I lived with my Granny: my Father and Stepmother had a house about 3-4 miles away, I would often visit and spend weekends there, it was always interesting. Their house was the weekly meeting place for the local communist party, it seemed like every weekend there was a meeting that quickly degenerated into a party: a party being a good sized group of people sitting around drinking, smoking and discussing everything under the sun. I quickly understood who uncle Joe was, even though we didn’t have any family members by that name. Marx and Lenin were names as familiar to me as many of those on the BBC but I didn’t know much about them though I heard their names often enough. When the weather was nice on a Sunday, and sometimes even when it wasn’t, we’d all go for long hikes across the moors in Derbyshire which probably has something to do with why John Webster and I spent so much time out there also. These hikes comprised about a dozen adults and me, me in short pants and on one occasion with my boots on the wrong feet, this wasn’t discovered until we’d walked many miles! They always ended at a country pub where everyone except me went in to continue setting the world in order and strategically planning how we should fight the war to aid our Red Army allies.

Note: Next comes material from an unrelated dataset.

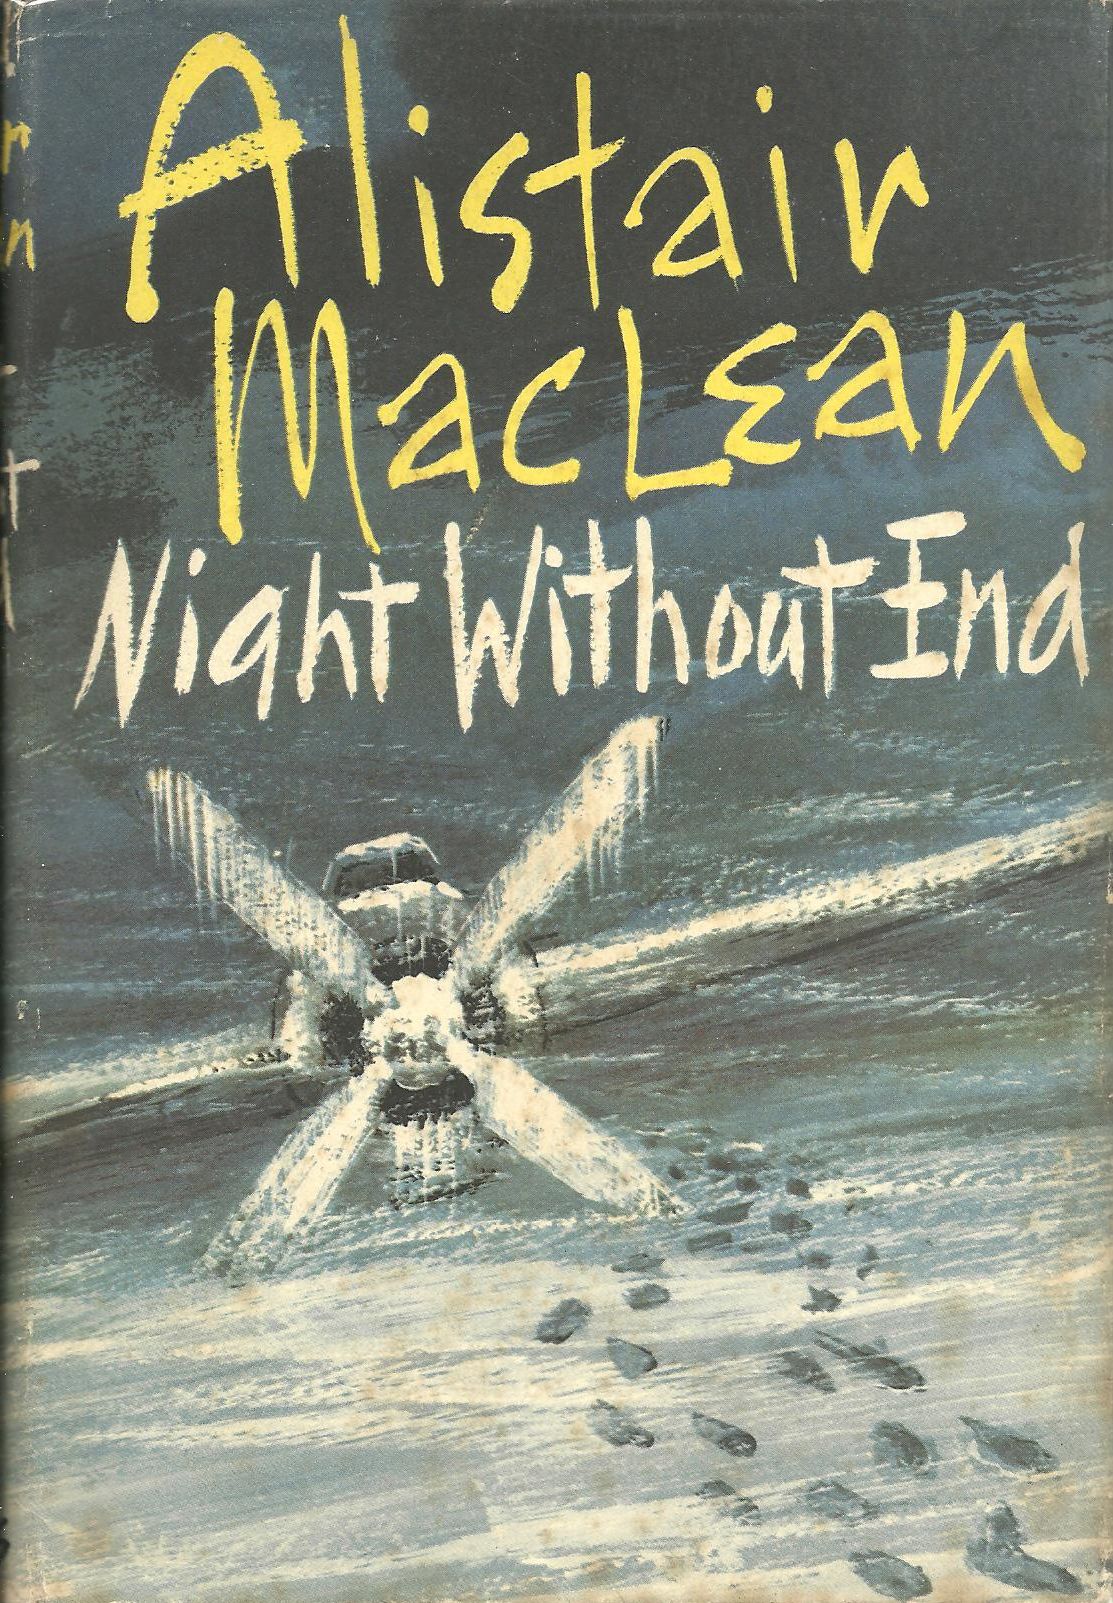 Night Without End - UK first edition

Kids not being allowed in pubs I got to sit outside on the steps with a bag of crisps and a lemonade and as I sit here writing this 60 odd years later there’s a photo of us all on one of our hikes pinned on the wall in front of me, I remember every one of them and all their names.

On other occasions when the air-raid sirens went off at night we’d go out walking in the city: it seems like all the raids were at night. We’d leave the house and walk towards the outskirts of the city where there were hills with clear views of parts of Sheffield and often as we sat there during the air raids we’d see the results of bombs with fires and explosions off in the distance and my father always knew which area it was, I remember him once saying “Attercliff’s getting a pasting tonight!” There would always be barrage balloons, search lights and ack-ack fire but I never saw an enemy bomber get hit, though any that did get shot down wound up on bomb sites for the public to see and that was always a treat for those of us fascinated by German planes. Other times when we’d walk during the raids we’d go from one air-raid shelter to the next, they were scattered all over the city and usually fairly close to each other. Some houses had their own Anderson shelters buried in the back garden, the public shelters that we visited were very strongly built, ie 18” brick walls with baffles at the entrance and no windows and very thick concrete slab roofs. There was no lighting or heating just a platform bench that ran around the walls. People would leave their houses and go into the shelters usually bringing blankets and candles and guitars and accordians: it seems like every shelter we visited had a sing-song going on, there was a long list of songs that everybody knew by heart: “We’ll meet again” “White Cliffs of Dover” “Seigfreid Line” “Bless ‘em All” etc.

One clear summer day I was out playing by myself when I looked up and saw a sight like nothing I’d ever seen before. There were hundreds of allied planes circling around and around and forming up into formations. They were all bombers or transports, lots of DC3 Dakotas and Lancasters, no fighters and each one had something I’d never seen before: they all had black and white stripes on the wings and the fuselages. I had no idea what that meant but I was very intrigued. That night on BBC 9 o’clock news the announcer said “Today the allied invasion of occupied Europe has begun....” D Day had started and everyday thereafter we listened to reports from correspondents with the troops as they advanced towards Berlin. I have no memory of VE day and I’m at a loss to understand why since I can remember in vivid detail the street party that we had for VJ day.

For almost everyone in Europe the war was a terrible time, a time of separation and losses, of terrible fear, of shortages and rationing and of emotional turmoil, but for kids, particularly boys of my age in my environment, it was the most exciting time to grow up.

1 comment:

ejaydee said...

Another great story, but what are ack-ack fires?